A registry that forces one scheme creates friction for organisations already using another. For this reason, Sourcemeta One treats version identifiers as opaque path segments and accommodates any convention.

Why SemVer is harder to apply to schemas than it looks

Semantic Versioning is tempting because it is familiar and encodes useful compatibility signals. But applying it to JSON Schema involves decisions the ecosystem has not yet settled. For example:

Annotations. Keywords like default produce annotations rather than constraints. Consumers using schemas for documentation generation or UI rendering may depend on them. Is changing a default value a breaking change? SchemaVer may say patch. A consumer whose UI break may disagree.

Anchors and definitions. If another schema references a named anchor or internal definition directly and you rename it during a refactor, you have broken a consumer without touching any validation behaviour.

SchemaVer addresses some of this with MODEL/REVISION/ADDITION semantics. But even SchemaVer acknowledges grey areas requiring author judgement.

The fundamental challenge is that JSON Schema is a constraint system, not a modelling language. In most programming languages, adding something is backwards compatible. In JSON Schema, adding more typically means permitting less. What looks like an addition is often a restriction, and software versioning intuitions become actively misleading.

Version as a dedicated path component

A JSON Schema is uniquely identified by its URI. Two versions cannot share the same URI, thus a dedicated path component is the clearest convention: /customers/customer/v1.json, /customers/customer/v2.json. It makes versions visible, navigable, and directly addressable, with both versions served simultaneously and unambiguously.

In practice, we found that a simple monotonic major version is more than enough for most organisations. A single integer, incremented when a breaking change is needed, sidesteps SemVer ambiguity and gives you all the versioning room you need while keeping it simple.

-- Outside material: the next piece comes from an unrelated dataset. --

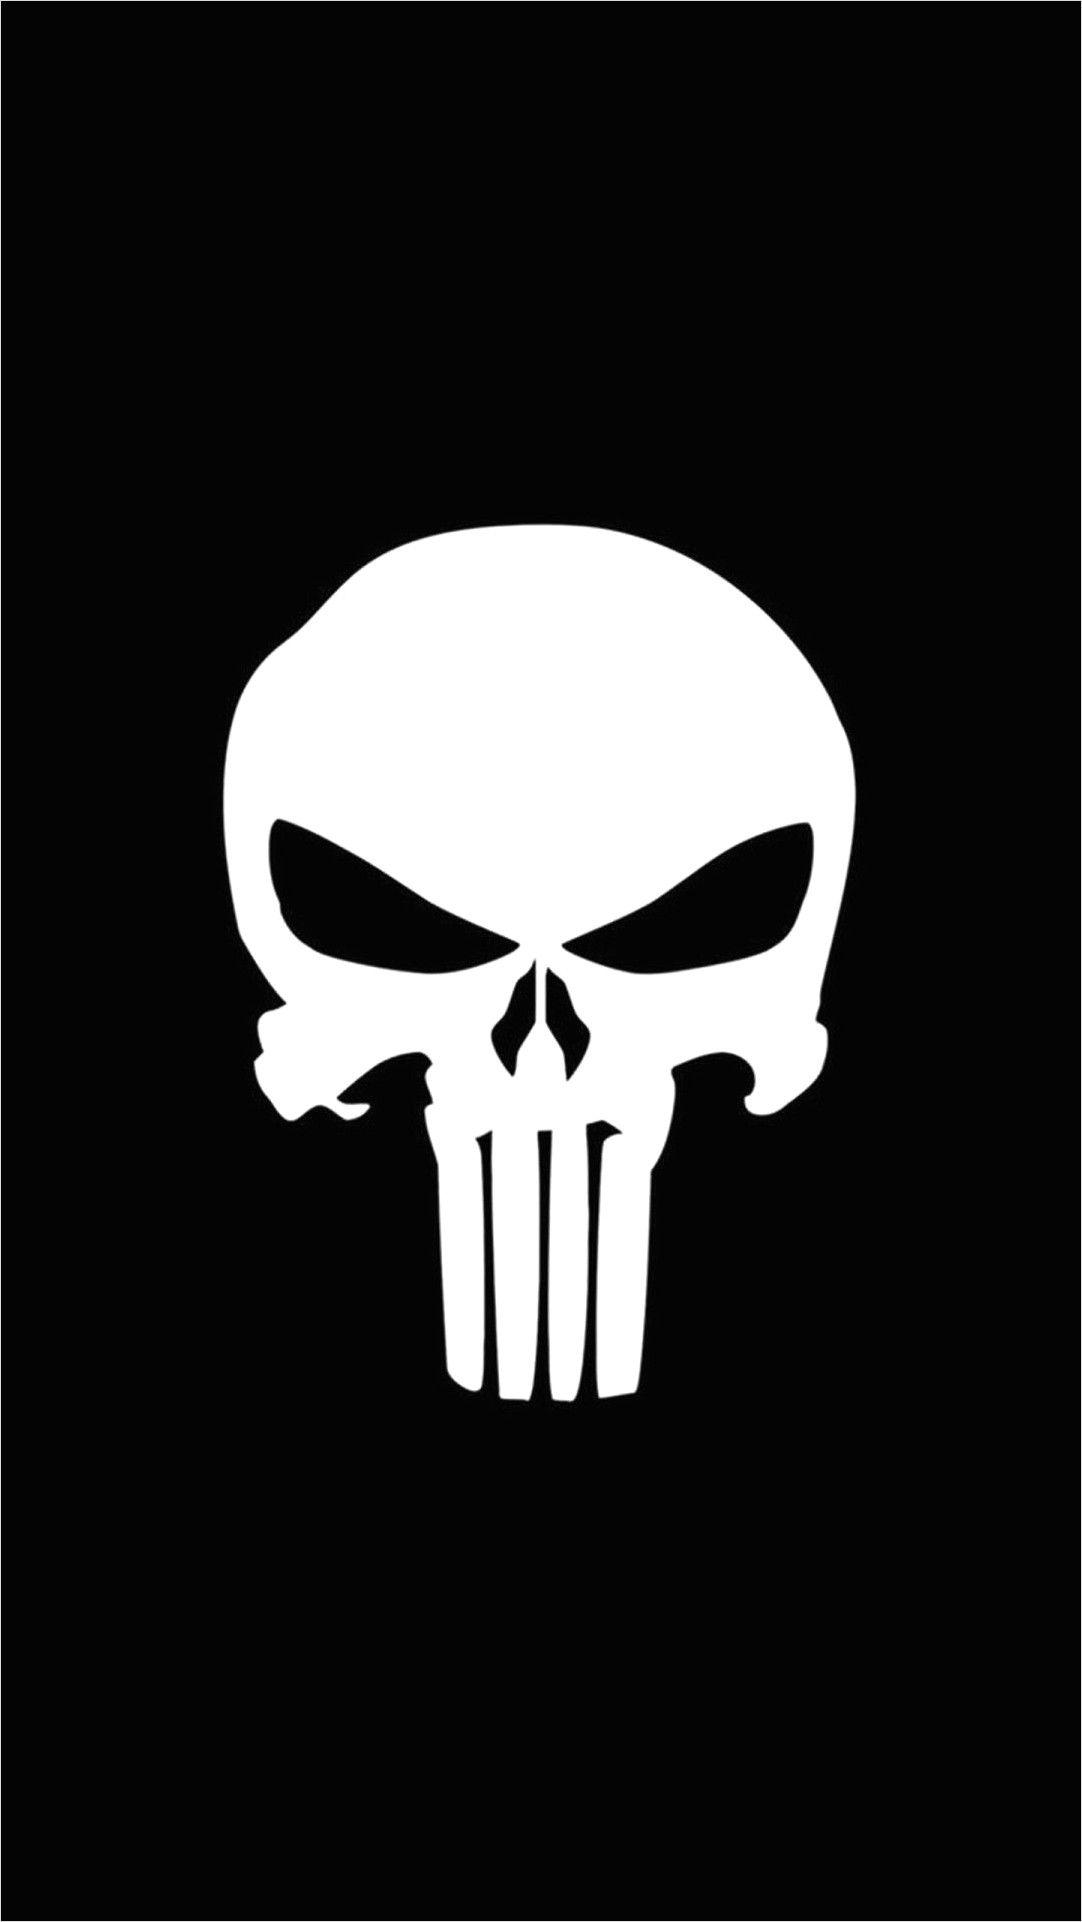 1080 X 1920 4k Wallpapers Skull in 2020 Punisher logo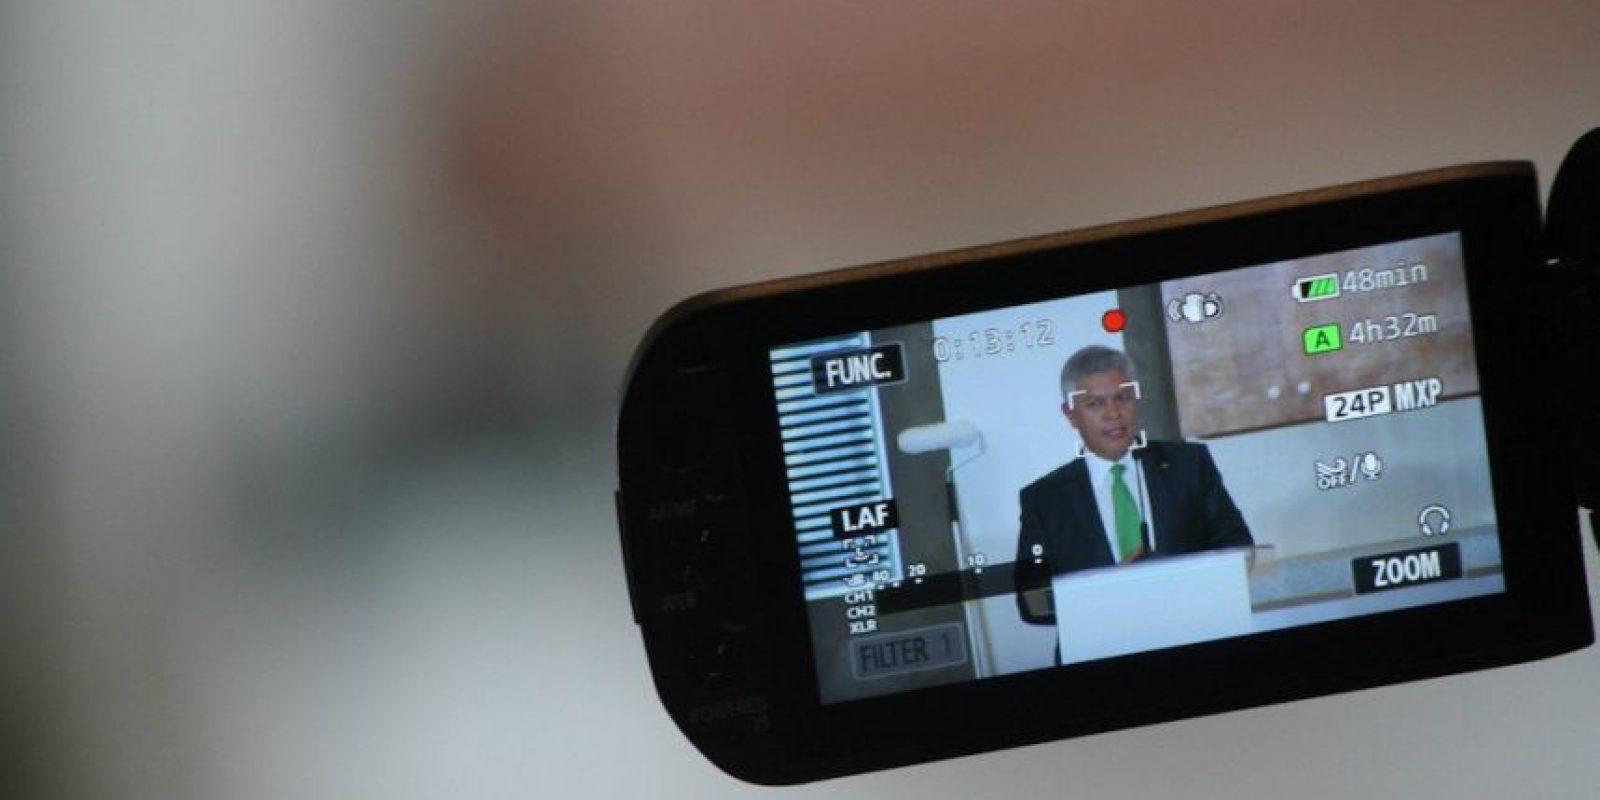 Pese al incremento en otras tasas de interés en el país, la de este programa gubernamental se redujo 10.81 por ciento en comparación con la que se tenía anteriormente Foto:Nicolás Corte

Schema-level versus data model-level versioning

Should you version each schema individually, or version an entire collection together as a data model? For example:

  • Per-schema versioning: /project/customer/v1.json, /project/invoice/v1.json, /project/customer/v2.json. Each schema evolves independently
  • Data model versioning: /project/v1/customer.json, /project/v1/invoice.json, /project/v2/customer.json. The entire namespace is versioned together

Data model versioning makes sense when schemas are tightly coupled and genuinely always evolve together. For example, a wire protocol or standards specification. However, for most API governance scenarios, it creates a practical problem. When one schema out of twenty changes, the other nineteen are copied unchanged into the new namespace. Consumers face multiple identical copies with no way to know what actually changed, and diffs become noise.

For this reason, we suggest per-schema versioning: version only what changes, only when it changes.

Guaranteeing compatibility today: testing

This is exactly how software libraries are versioned and published throughout the industry.

For example, The NPM registry does not validate that your 2.0.0 is genuinely incompatible with 1.x. The guarantee comes from the author's discipline, their test suite, and their changelog. Assuming we treat schemas like code, this should feel familiar: the same model that governs every package you depend on governs your schemas here.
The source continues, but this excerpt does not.